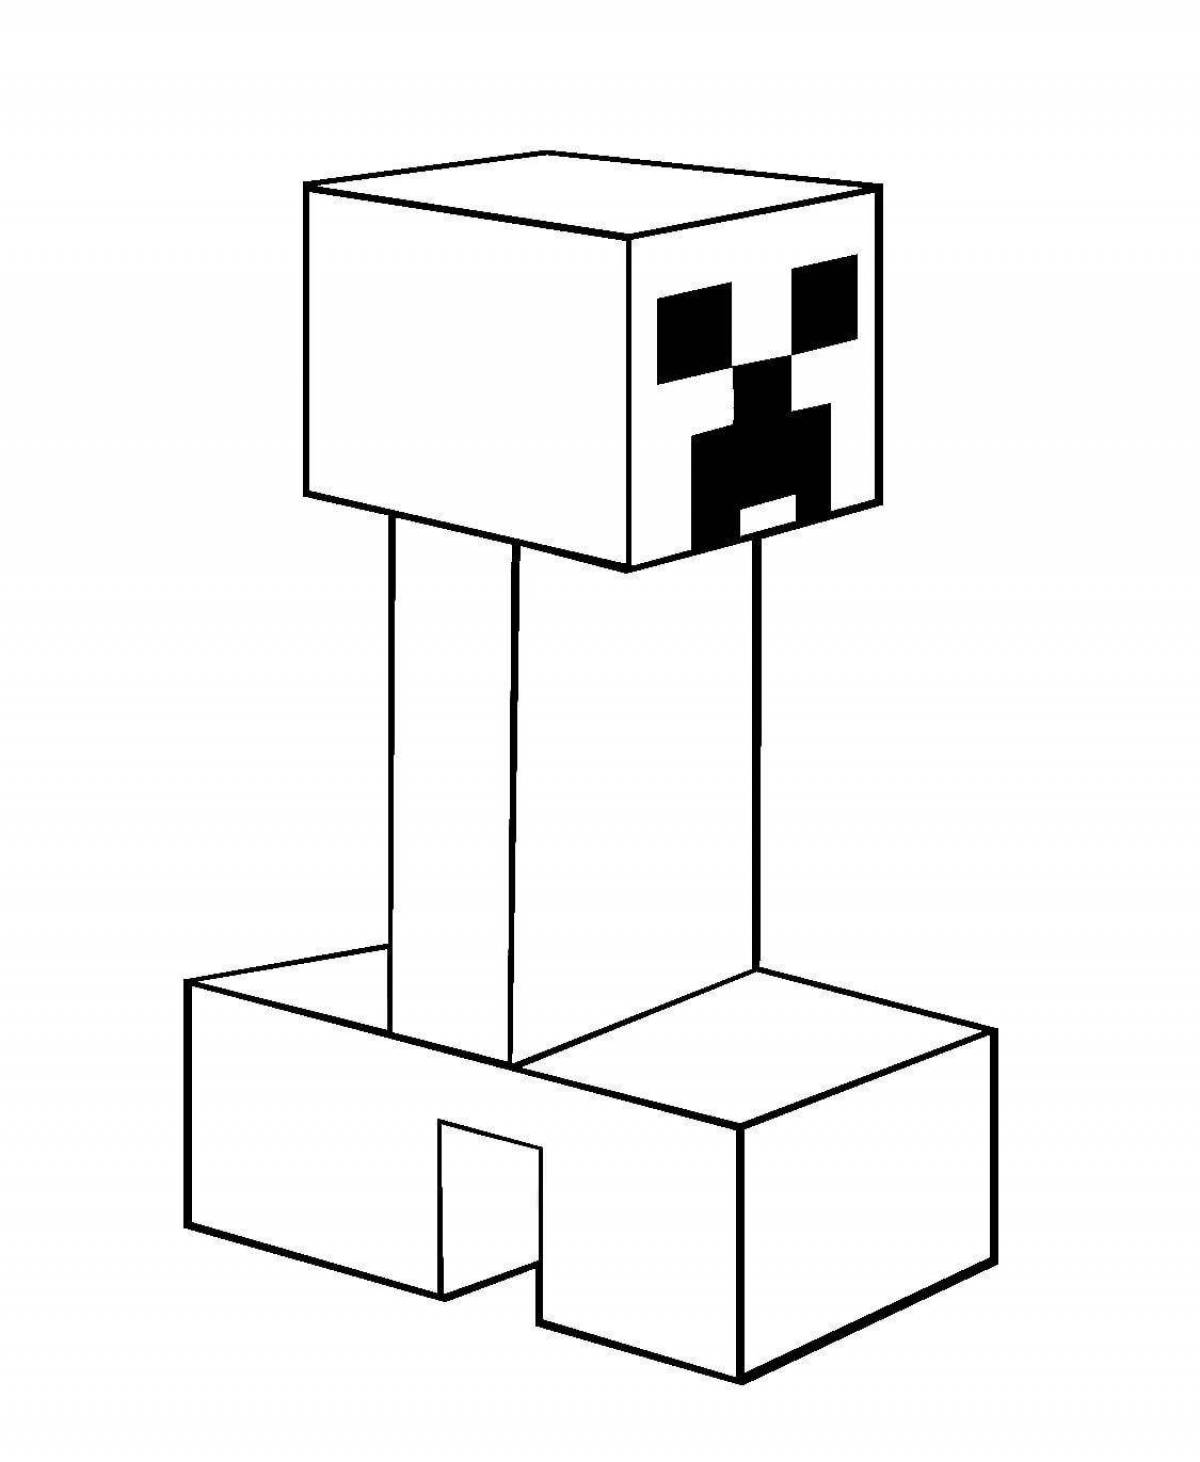 Adorable minecraft hare coloring page
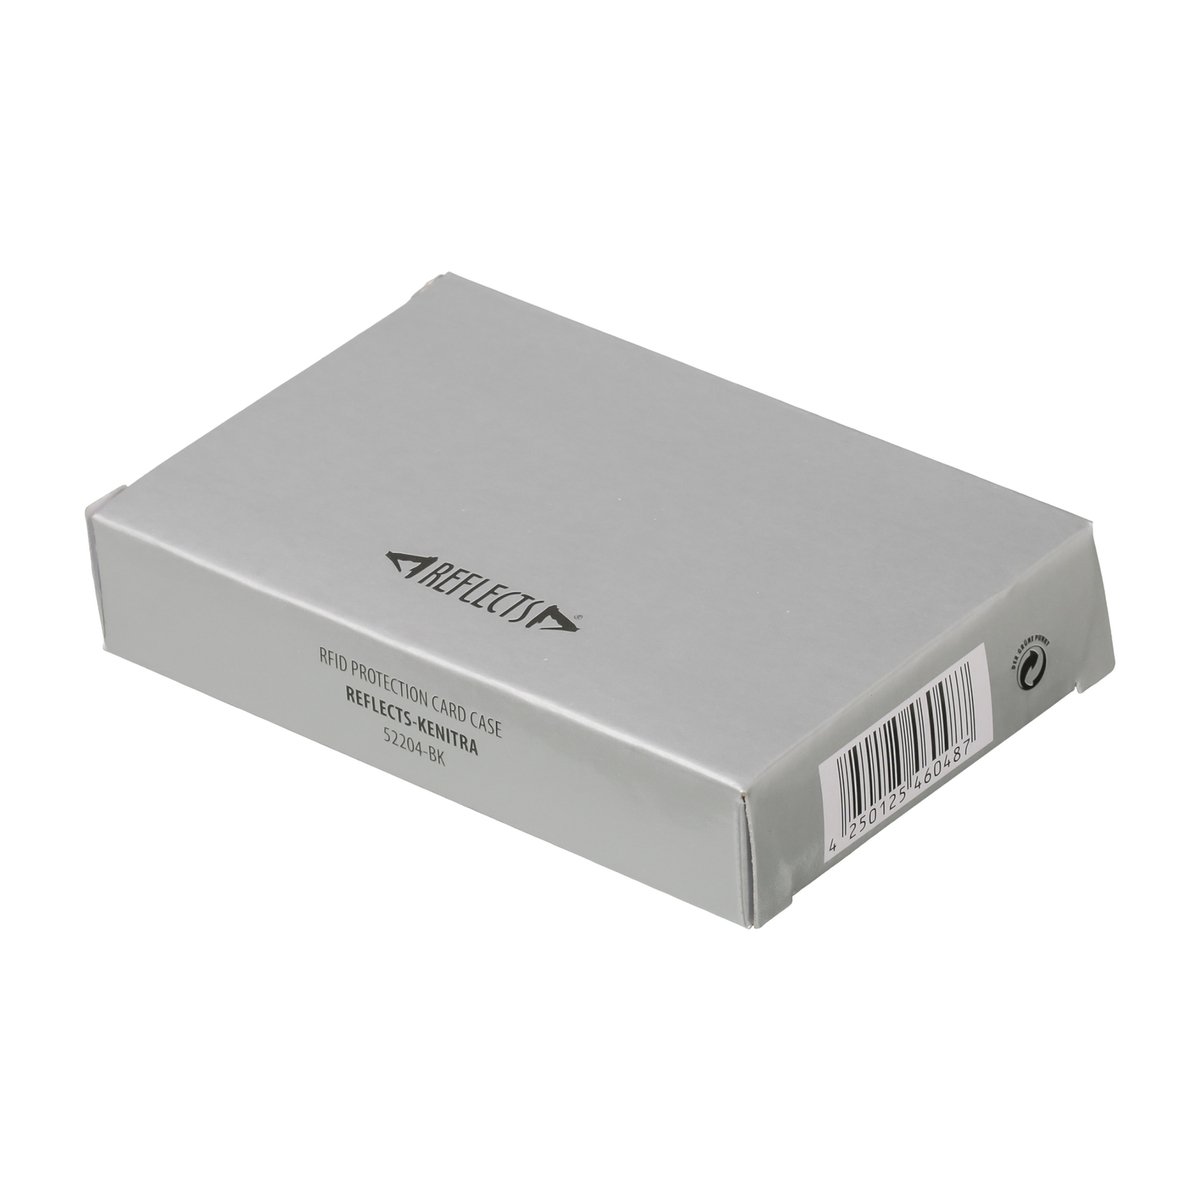 RFID Protection Card Case RE98-KENITRA silver
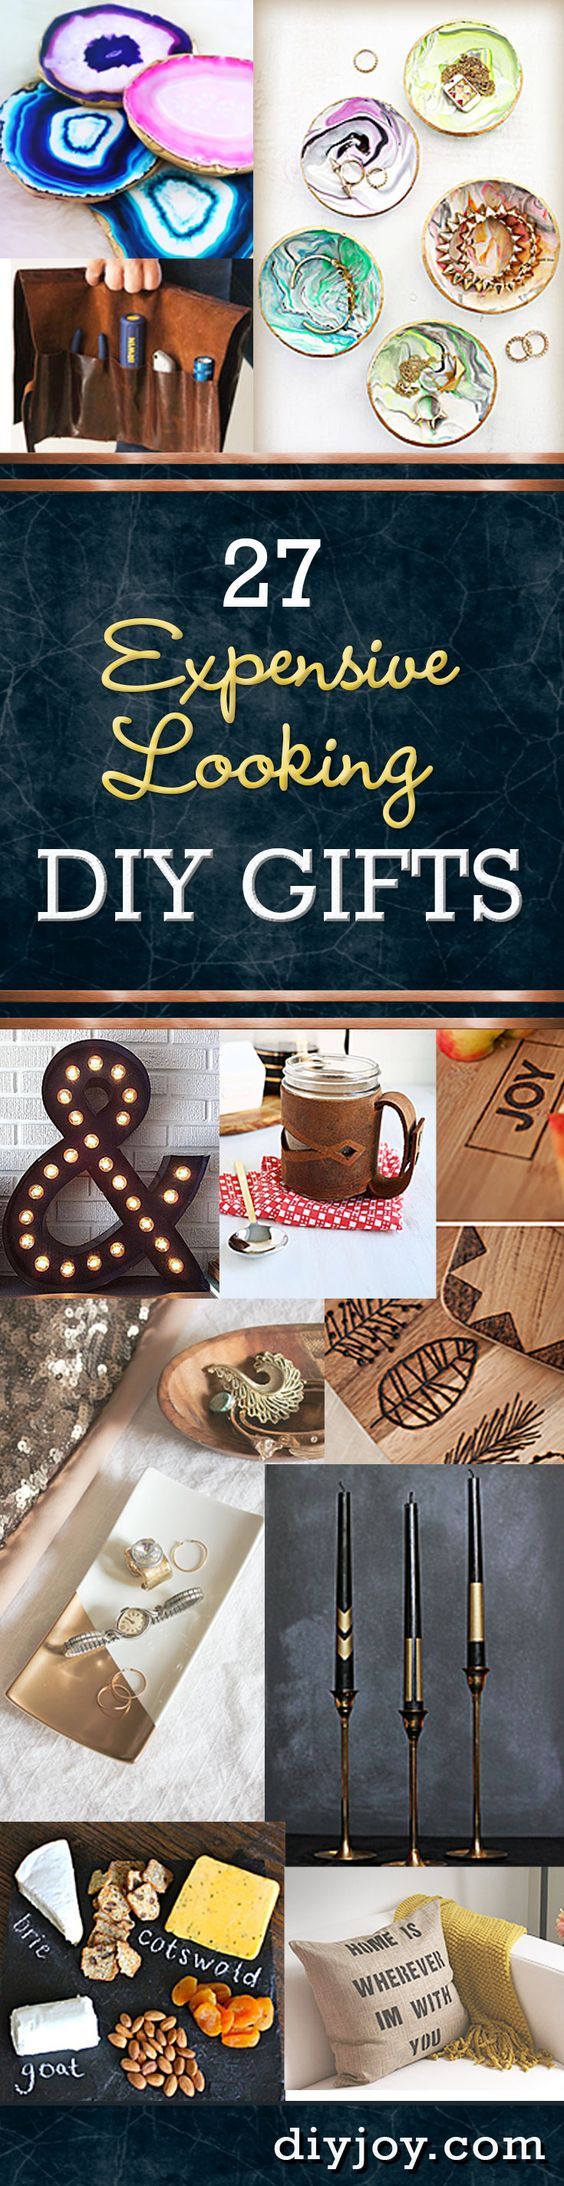 27 Expensive Looking Inexpensive DIY Gifts
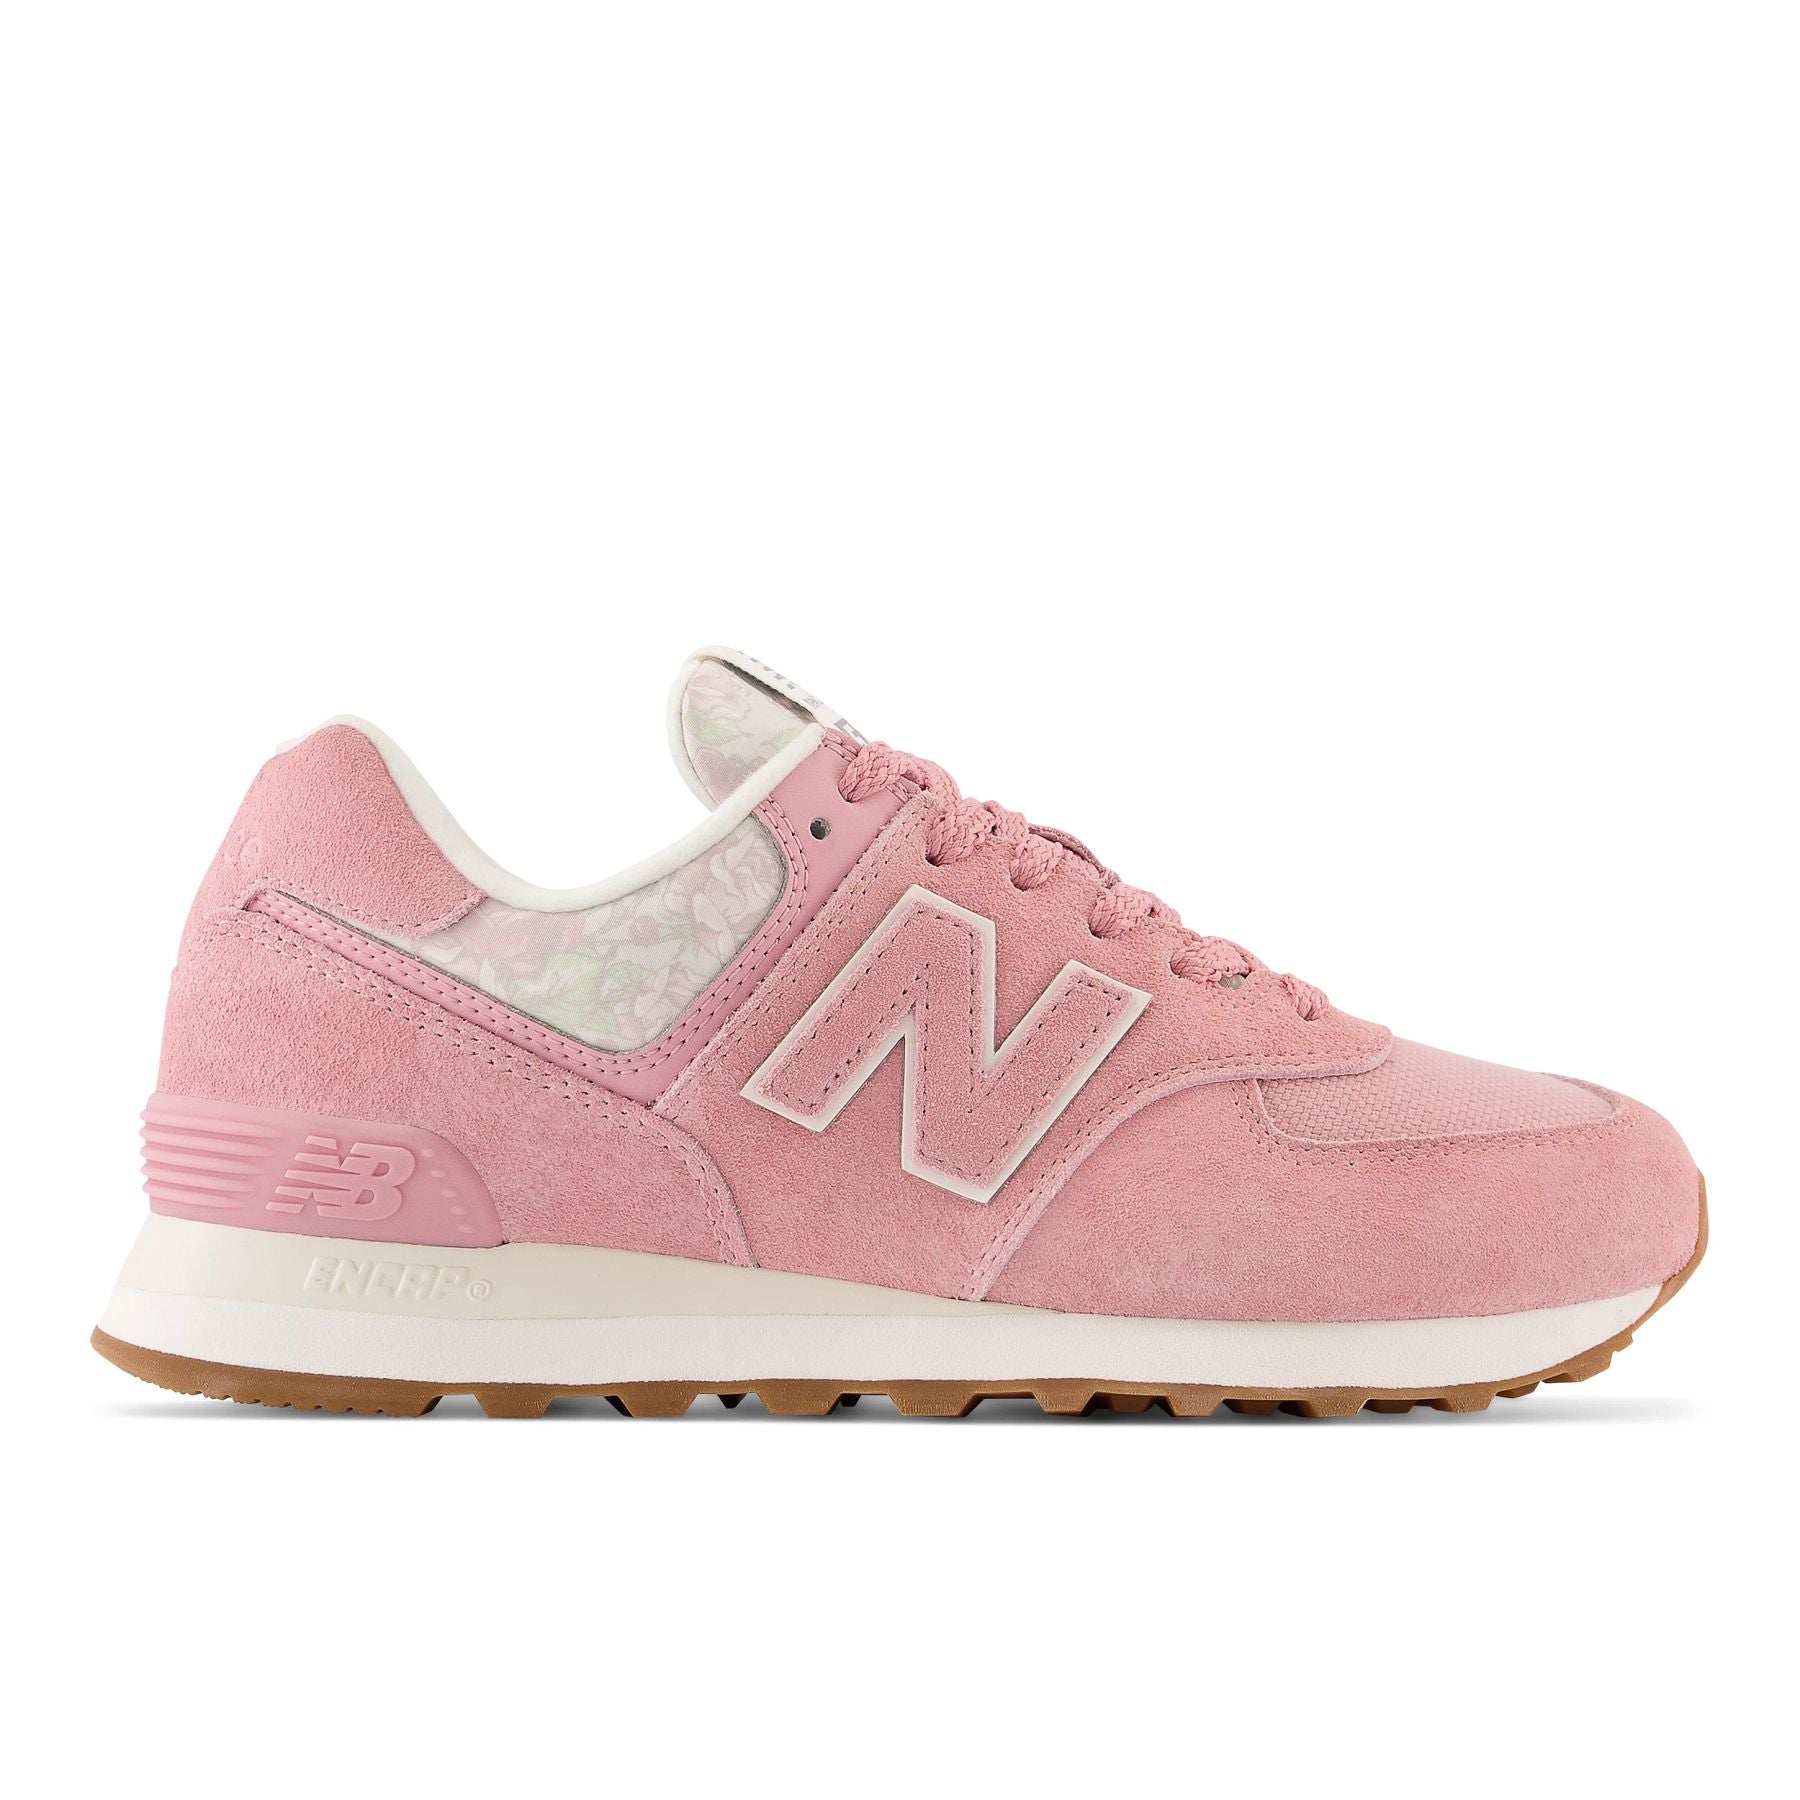 Lateral view of the Women's New Balance 574 lifestyle in the color Heavenly Rose
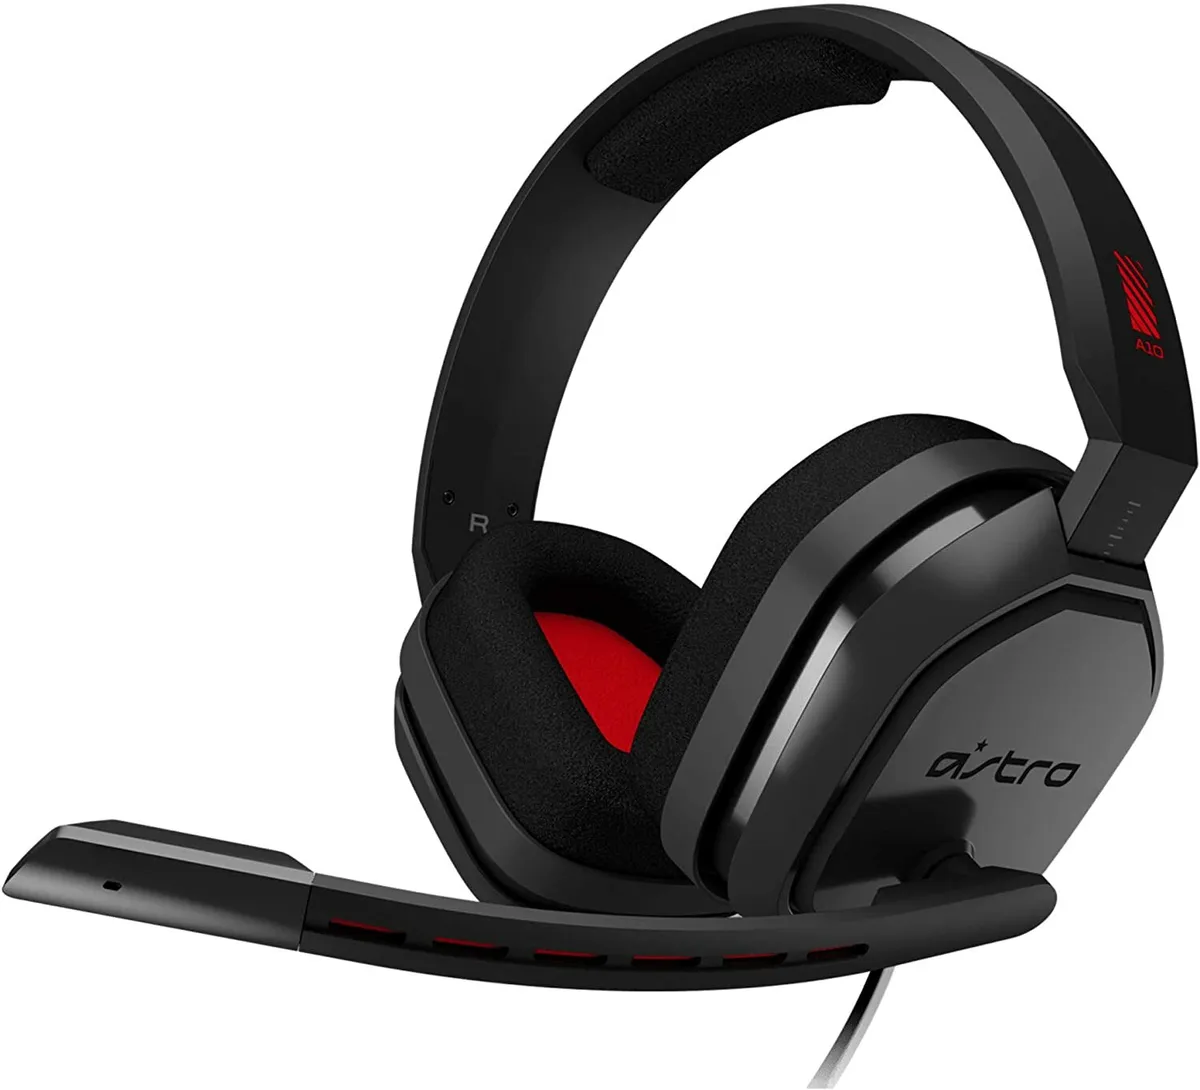 A10 HEADSET FOR PC - GREY/RED

- _Assigned task_: In the material above, retype exactly the lines that run from the one containing "Lateral view of" through the last line, and keep out the pictures.

- _Answer section_:
 Lateral view of the Women's New Balance 574 lifestyle in the color Heavenly Rose
 A10 HEADSET FOR PC - GREY/RED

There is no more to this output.